Executive Order 13789, issued in April, directed Treasury to review significant regulations that were issued in 2016 and 2017 to determine if the regulations cost too much, are too complex, or exceed the IRS's statutory authority.
Treasury determined that 53 of the regulations issued during the review period were "minor or technical in nature" and not significant. It treated the remaining 52 regulations as potentially significant and reviewed them under the terms of the executive order. Treasury determined that eight regulations qualified as significant and met the criteria of the executive order.
Those eight regulations are:
- Proposed regulations under Sec. 103 on the definition of a political subdivision (REG-129067-15);
- Temporary regulations under Sec. 337(d) on certain transfers of property to regulated investment companies (RICs) and real estate investment trusts (REITs) (T.D. 9770);
- Final regulations under Sec. 7602 on the participation of a person described in Sec. 6103(n) in a summons interview (T.D. 9778);
- Proposed regulations under Sec. 2704 on restrictions on liquidation of an interest for estate, gift, and generation-skipping transfer taxes (REG-163113-02);
- Temporary regulations under Sec. 752 on liabilities recognized as recourse partnership liabilities (T.D. 9788);
- Final and temporary regulations under Sec. 385 on the treatment of certain interests in corporations as stock or indebtedness (T.D. 9790);
- Final regulations under Sec. 987 on income and currency gain or loss with respect to a Sec. 987 qualified business unit (T.D. 9794); and
- Final regulations under Sec. 367 on the treatment of certain transfers of property to foreign corporations (T.D. 9803).
Under Executive Order 13789, Treasury was directed to submit a final report to President Donald Trump by Sept. 18, 2017, recommending specific actions to mitigate the burdens imposed by the identified regulations. Visit thetaxadviser.com for updates on this report, which was scheduled to be submitted after this issue of The Tax Adviser went to press.

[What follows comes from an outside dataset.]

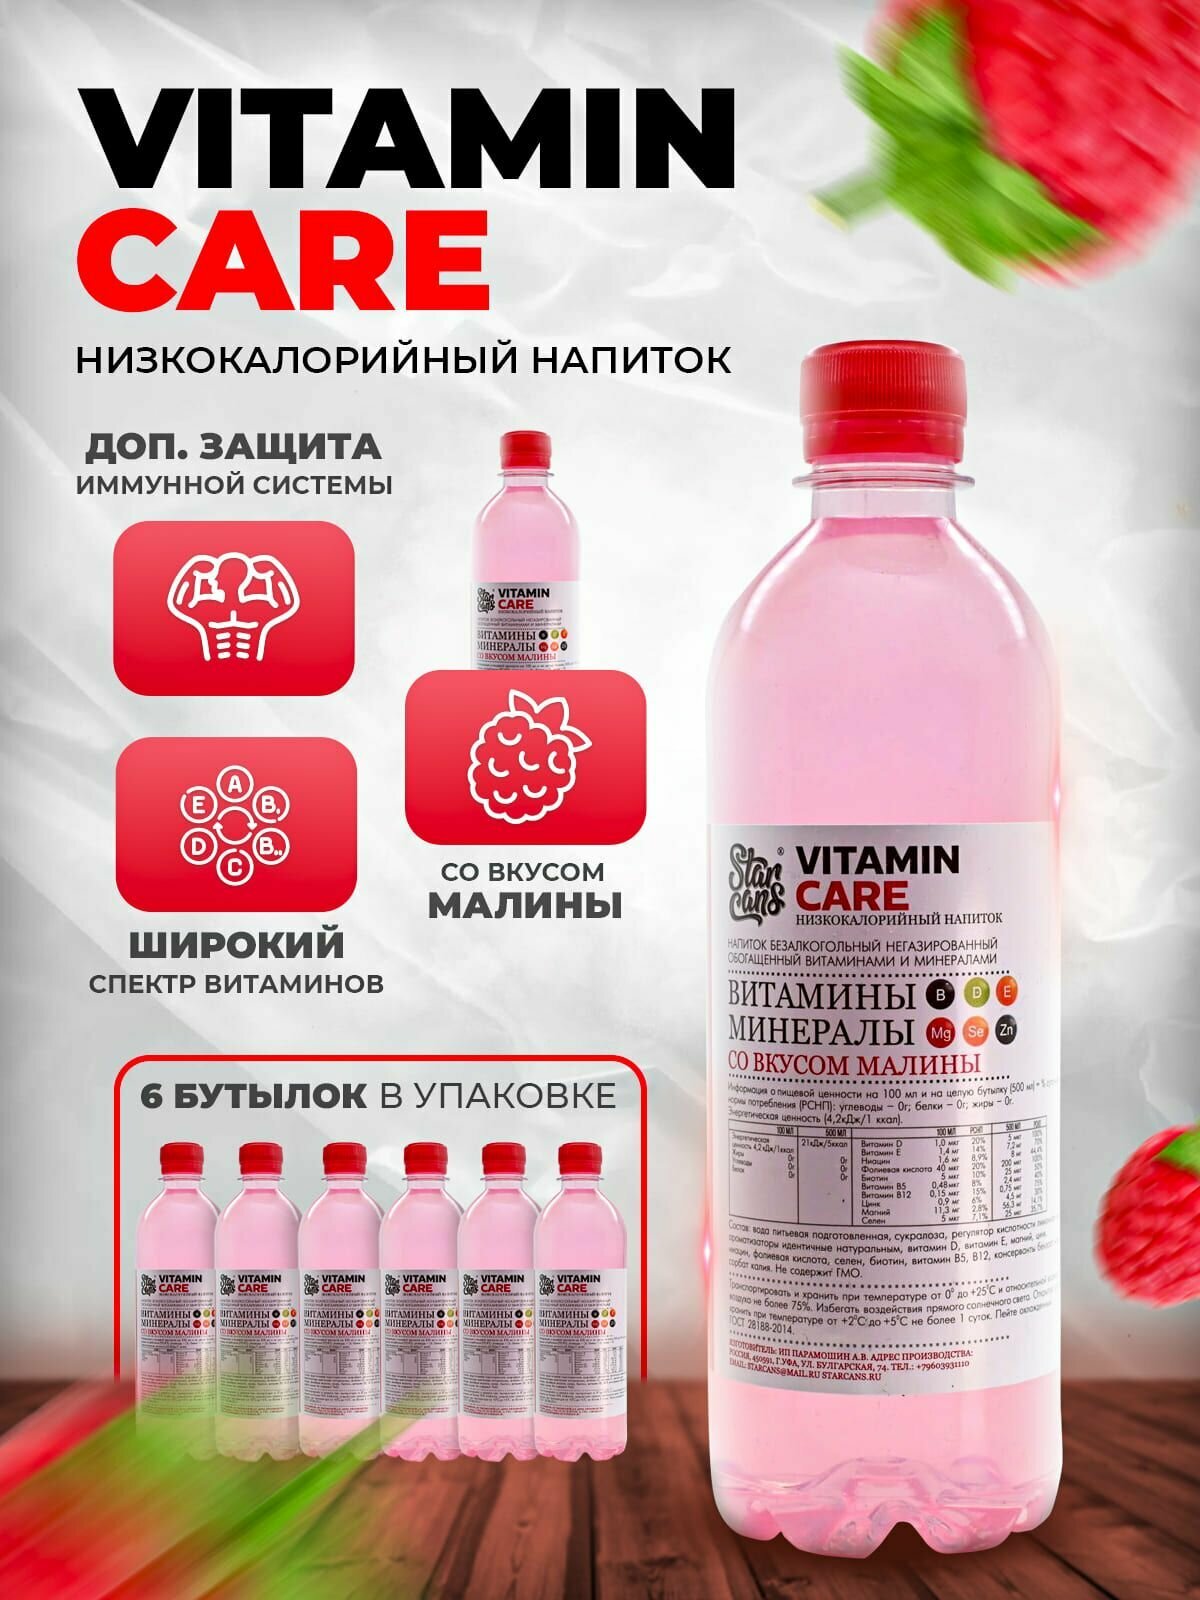 VITAMIN CARE Напиток безалкогольный негазированный обогащённый витаминами и минералами со вкусом Малины

On Aug. 2, the AICPA's Tax Executive Committee, chaired by Annette Nellen, issued a letter to the IRS recommending that four of the above regulations be withdrawn: REG-163113-02 (Sec. 2704 regulations described in No. 4, above); T.D. 9790 (Sec. 385 regulations described in No. 6, above); T.D. 9794 (Sec. 987 regulations on qualified business units, described in No. 7, above); and T.D. 9803 (Sec. 367 regulations described in No. 8, above).
The AICPA noted that it had not taken a position on the remaining regulations and its silence did not indicate whether it supported their modification or repeal (AICPA letter available at www.aicpa.org.